# Unbundling Patterns: Federated Databases vs. Composed Pipelines

## The Core Analogy

A relational database internally maintains several subsystems:
- **Secondary indexes** — allow efficient lookup by non-primary-key fields
- **Materialized views** — precomputed query results stored for fast read access
- **Replication logs** — propagate changes to follower replicas
- **Full-text indexes** — built into some databases (PostgreSQL tsvector, MySQL FULLTEXT)
- **Query optimizer** — selects efficient execution plans across indexes and joins

When you compose specialized systems — a primary OLTP database, a search index, an analytics warehouse, a feature store — you are implementing these same subsystems outside the database, as independent services connected by an event log. The event log plays the role of the replication log.

This is the "unbundling databases" or "database inside-out" approach: taking features that are built into databases as tightly coupled subsystems and implementing them as loosely coupled independent services.

## Two Approaches to Composition

### Federated Databases (Unified Reads)

A federated database (or polystore) provides a unified query interface over multiple underlying storage engines. Users query a single endpoint; the federated layer routes subqueries to the appropriate backend and merges results.

**Examples:** PostgreSQL Foreign Data Wrappers (FDW), BigQuery federated queries, Presto/Trino.

**Strengths:**
- Single query language for users
- No data movement required for read-only analytical queries
- Applications that need a specialized data model still have direct access to their native storage

**Weaknesses:**
- Query optimization across heterogeneous engines is complex
- No good answer to synchronizing writes across backends — reads are unified, writes are not
- Performance depends on the least-capable backend for cross-store queries

**When to use:** When you need unified read access to existing independent stores and can tolerate the write-synchronization problem being handled separately.

### Composed Pipelines (Unified Writes)

The composed pipeline approach focuses on write synchronization: one system is the source of truth; all others are derived. The event log synchronizes writes deterministically.

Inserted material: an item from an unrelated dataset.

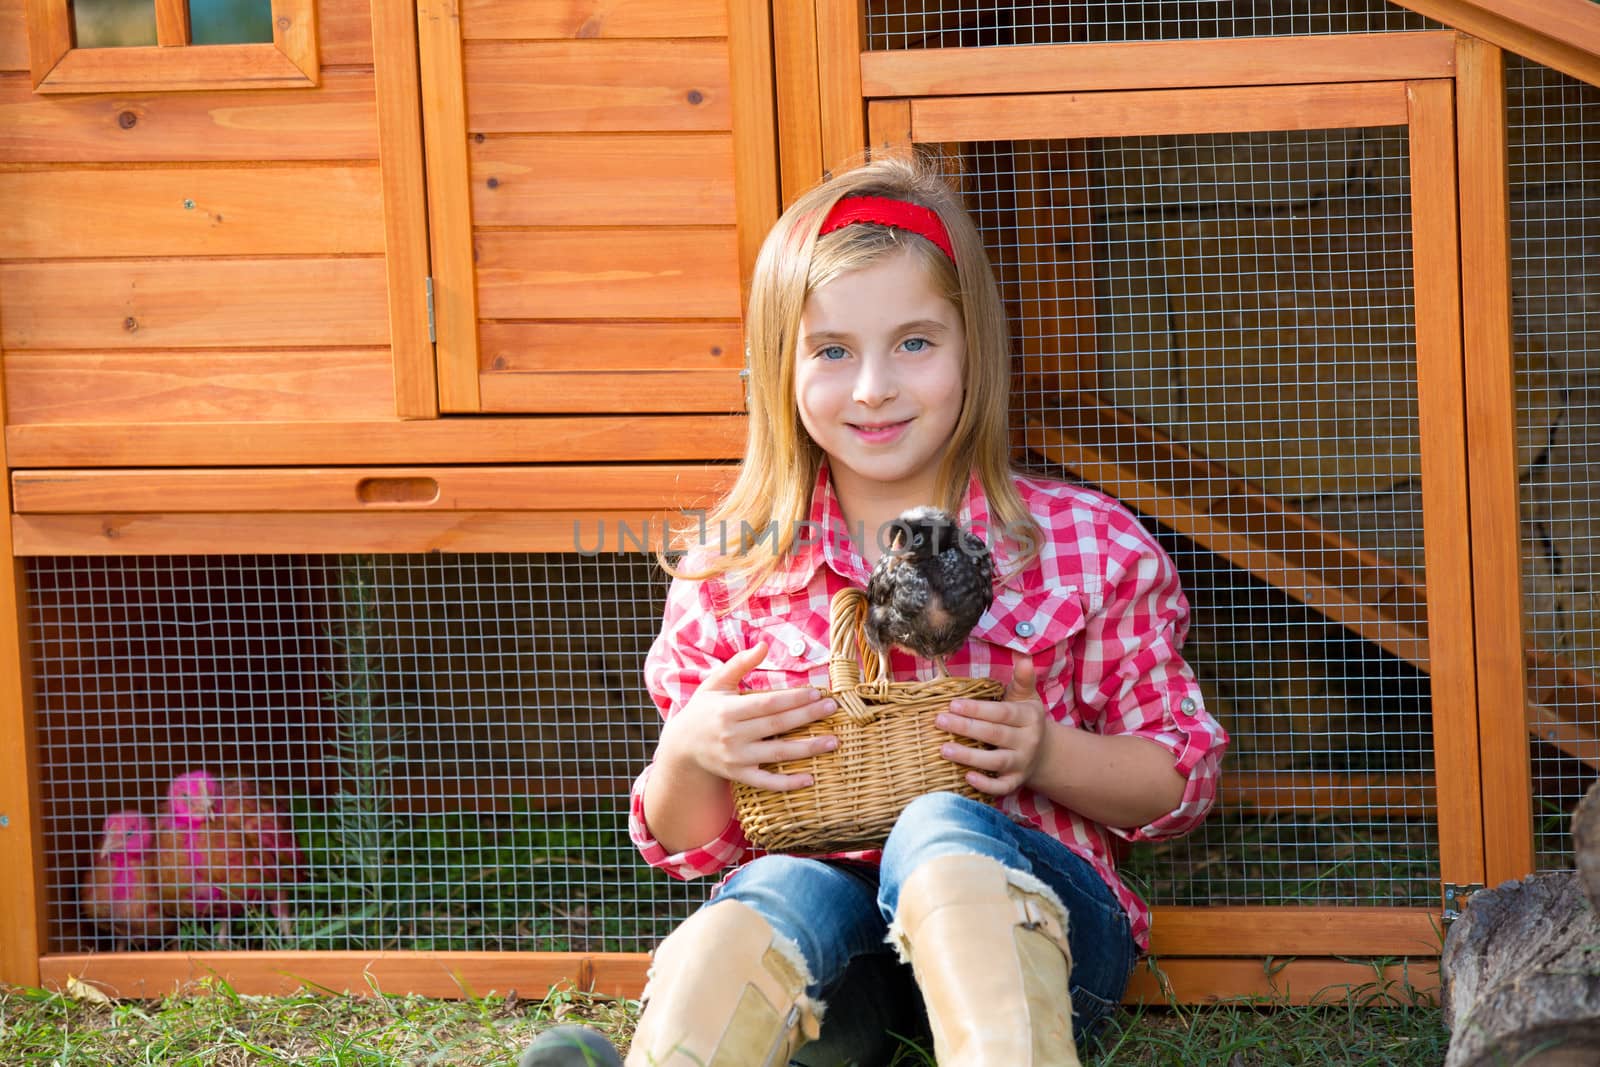 breeder hens kid girl rancher blond farmer playing with chicks in chicken hencoop

**The analogy to Unix pipes:**
```
# Unix: small tools, uniform interface (byte streams), composable
cat access.log | grep "ERROR" | awk '{print $1}' | sort | uniq -c

# Data systems: small tools, uniform interface (event log), composable
PostgreSQL → Debezium CDC → Kafka → Flink → Elasticsearch
                                          → Snowflake
                                          → Redis
```

Each tool does one thing well. The event log is the pipe. Application code is the shell script that wires them together.

**Strengths:**
- Loose coupling: a fault in Elasticsearch does not affect PostgreSQL or Snowflake
- Each store is optimized for its specific access pattern
- Historical reprocessing: replay the event log to rebuild any derived view
- Independent team ownership: each team operates their downstream consumer independently

**Weaknesses:**
- Operational complexity: more systems to deploy, monitor, and upgrade
- Asynchronous propagation: derived views lag behind the source of truth
- No standardized "pipe" yet: unlike Unix pipes, there is no universal protocol for composing storage systems

## Creating an Index as the Template

The `CREATE INDEX` operation in a relational database illustrates the pattern:

1. The database takes a consistent snapshot of the table
2. It scans all rows, extracts the indexed field values, sorts them, and writes the index structure
3. It applies any writes that arrived during the scan from the replication backlog
4. It continues maintaining the index on every subsequent write

This is exactly the bootstrap pattern for setting up a new derived view in a composed pipeline:
1. Take a consistent snapshot of the source of record (initial export)
2. Apply the snapshot to the derived store
3. Switch to consuming the ongoing event log from the point of the snapshot
4. Continue consuming the log indefinitely

The difference is that `CREATE INDEX` is built into the database and runs automatically. In a composed pipeline, you implement this bootstrap manually — but the logic is identical.

## The Missing Piece

Unix has the shell as a high-level language for composing tools via pipes. Data systems do not yet have an equivalent. The vision:

```
# Hypothetical declarative composition
mysql | elasticsearch  # = CREATE INDEX in MySQL, continuously replicated to Elasticsearch
```

This would mean: take all documents in MySQL, index them in Elasticsearch, and continuously apply all future changes. Tools like Debezium + Kafka + a stream processor approximate this, but with significantly more configuration and operational overhead than a pipe operator.

## When a Single System Wins

The goal of unbundling is breadth — serving more access patterns than any single system can. It is not a goal in itself.

**Use a single system when:**
- One technology satisfies all access patterns at the required scale
- The marginal benefit of specialized stores does not justify the operational cost
- The team does not have capacity to operate multiple systems reliably

"If there is a single technology that does everything you need, you're most likely best off simply using that product rather than trying to reimplement it yourself from lower-level components." — Kleppmann, Ch. 12

Premature unbundling — composing systems before the single-system ceiling is reached — adds complexity without benefit and may lock the team into an inflexible design.